Schweiz: Spielzeugbranche erwirtschaftet 640 Mio. CHF
Die Schweizer Spielzeugbranche hat im vergangenen Jahr einen Umsatz von umgerechnet rund 425 Mio. Euro generiert. Das sagte SVS-Präsident Peter Gygax auf der Generalversammlung der Spielzeuglieferanten in Zürich.

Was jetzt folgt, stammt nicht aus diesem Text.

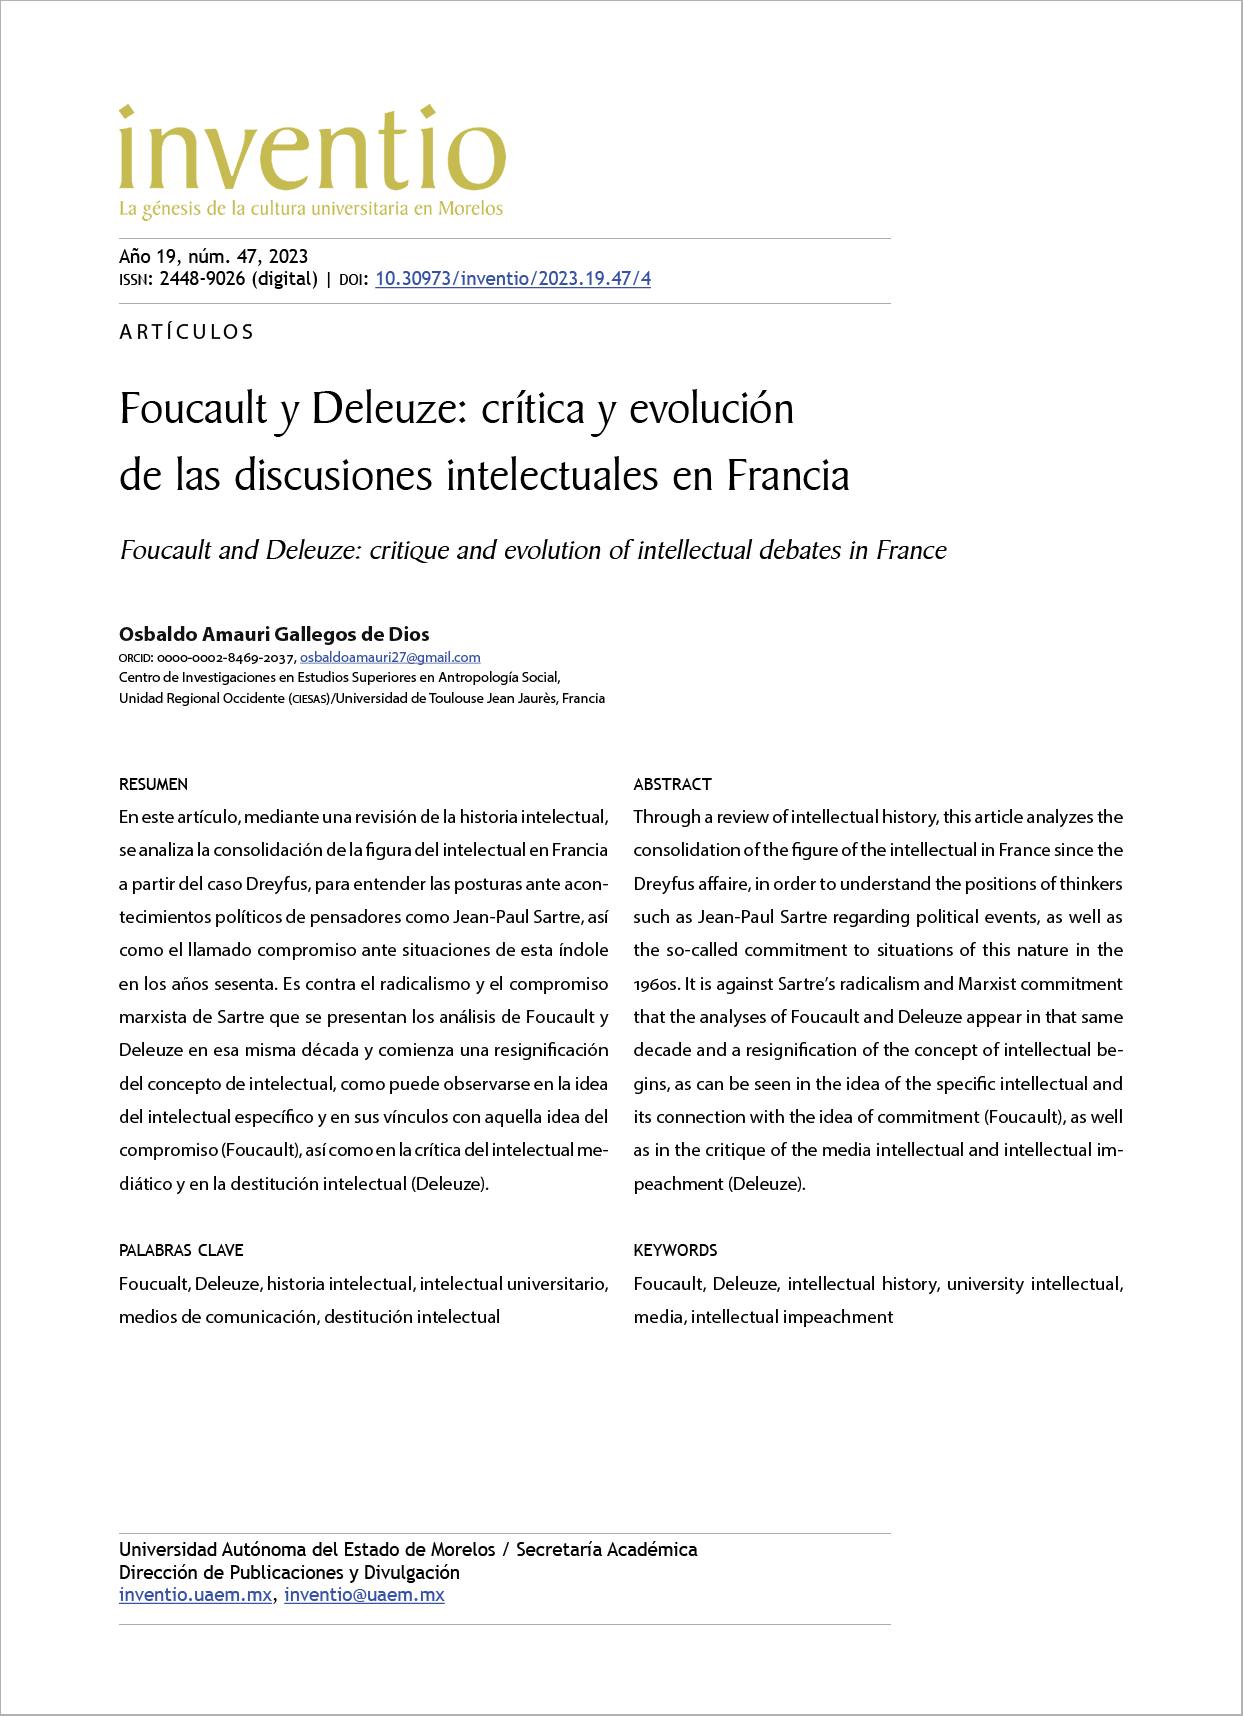 Foucault y Deleuze: crítica y evolución de las discusiones intelectuales en Francia

Am 25. April fand die Generalversammlung des Schweizerischen Verbands der Spielzeuglieferanten (SVS) statt. Wie SVS-Präsident Peter Gygax im Rahmen der Veranstaltung ausführte, erwies sich die Branche als "relativ resistent" gegenüber dem schwachen wirtschaftlichen Umfeld. Nach zuverlässigen Schätzungen des SVS habe der Gesamtmarkt seinen Vorjahresumsatz von rund 640 Mio. CHF (rund 425 Mio. Euro) halten können. Während der Umsatz im traditionellen Markt um sieben Prozent auf 468 Mio. CHF zurückgegangen sei, sei der Anteil an Hard- und Software elektronischer Spiele gestiegen. Insgesamt befinde sich die Branche derzeit im Wandel. Starke strukturelle Veränderungen hätten sich u. a. durch Schließungen und Konsolidierungen größerer Fachhändler wie Franz Carl Weber, ABM, EPA und WARO ergeben. Dem gegenüber würden verstärkt ausländische Mitbewerber wie King Jouet und Maxi Toys auf den Markt drängen. Gygax appellierte an die Verbandsmitglieder, anstehende Probleme gemeinsam anzupacken. Eine Trendwende könnten Industrie und Handel nur im Verbund erreichen.